The cookie banner that appeared on the focus.de website disobeys the General Data Protection Regulation (GDPR), which influenced the authorities to take action.
Learn more about this topic on the Verbraucherzentrale Bundesverband website.
The website focus.de, the largest news portal in Germany, is run by BurdaForward GmbH, a subsidiary of the Burda media company.
A "cookie banner" appears once the user accesses the website, asking for their permission to store cookies and evaluate data on their end device for analysis and advertising reasons.
Users had just two options on the banner's home page: either full consent to the processing of their data and their browsing activities by a number of third-party organizations by clicking "Accept," or a “settings” option.
In the latter scenario, a window called "Privacy settings" appeared, containing settings for more than 100 third-party providers who were distinguished based on how much data they used across more than 140 screen pages.
The buttons labeled "Accept All" and "Save Selection" were prominently displayed. However, the option to "Reject All" was discretely shown in the window's upper right corner with a faded font.
This case is pretty similar to Google’s cookie consent banner that didn’t comply with General Data Protection Regulation (GDPR) - you had to customize a variety of choices to reject tracking and there was no “Reject All” button.
The Federation of German Consumer Organisations' argument that the consent gained through the used banner is invalid was supported by the Munich regional court that ruled that this goes against GDPR requirements.

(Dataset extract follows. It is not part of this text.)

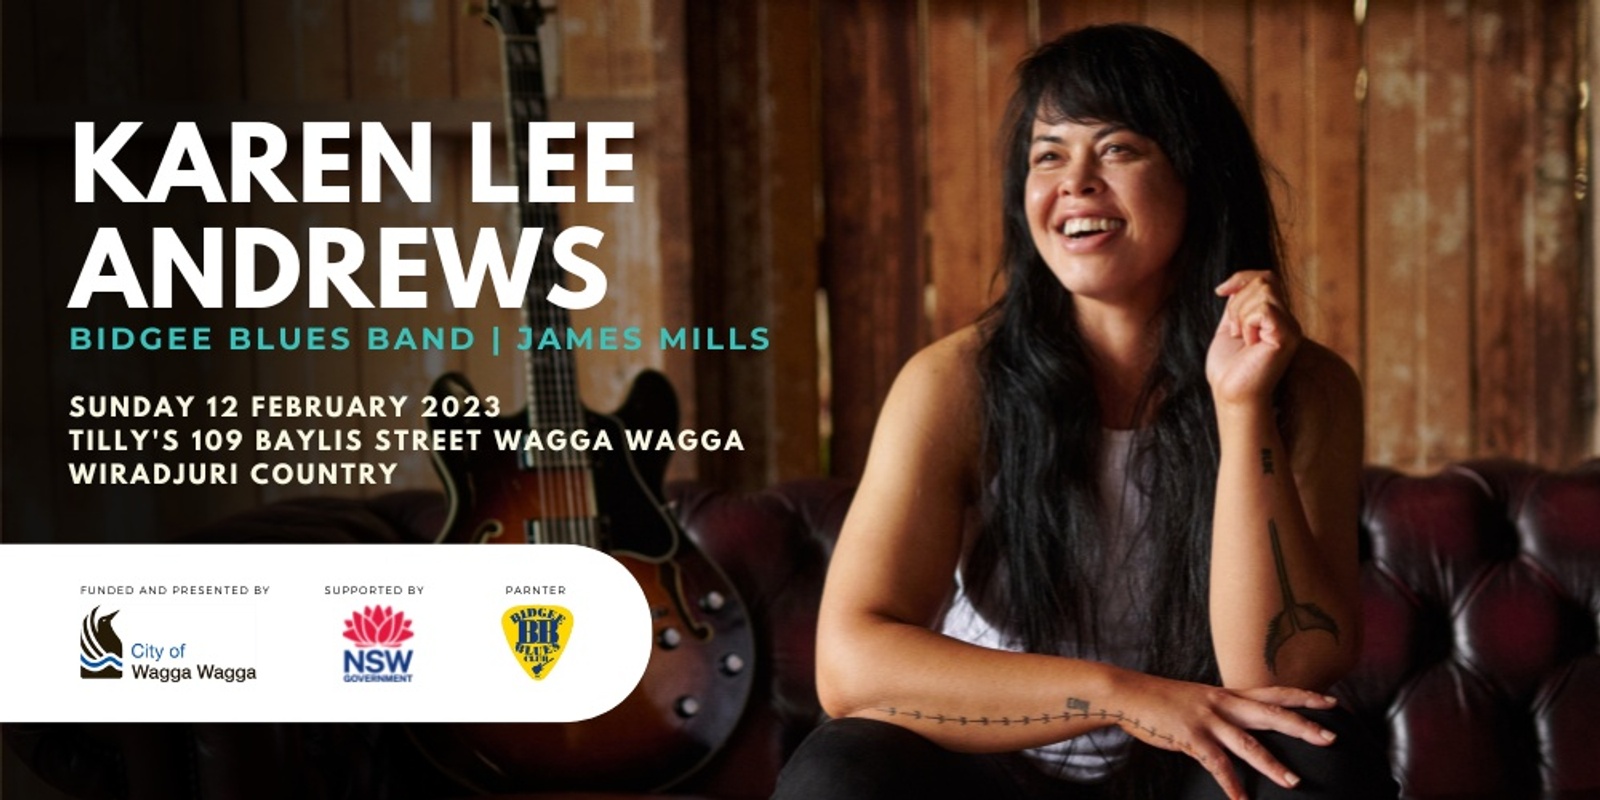 Banner image for KAREN LEE ANDREWS in WAGGA WAGGA

Due to the layout of the cookie banner, the consent gained on focus.de was not the result of a voluntary choice. With so many configuration options available on the second level of the banner, refusing consent requires more work than simply approving data processing.
The divergent handling of the choices "grant consent" and "refuse consent" lacks any logical justification.
Most cookie consent pop-ups that are presented to European Union internet users, purportedly asking for permission to follow their web behavior, are likely in violation of local privacy rules.
The General Data Protection Regulation (GDPR) of the EU sets a clear standard for valid consent when it is used as the legal justification for processing the personal data of web users: consent must be informed, specific, and freely given.
But many websites fail to create a banner based on these three pillars which can lead to GDPR fines.
However, there exist alternatives to cookie consent banners, such as cookieless tracking tools, like TWIPLA.
In the context of online privacy, cookieless tracking is a more secure option since no data is stored on the devices of users. Instead, cookieless tracking uses fingerprinting - the first time a person accesses a website, a digital fingerprint is left behind that can be detected on a subsequent page visit.
The fingerprint cannot provide information on what a visitor does outside of sessions related to a certain site because it is not retained on the user's device. Cross-tracking is therefore impossible.
There is some anonymized data retained, but it is only accessible within the analytics environment and cannot be linked to a specific person's routines or past. Your online activities are private to everyone.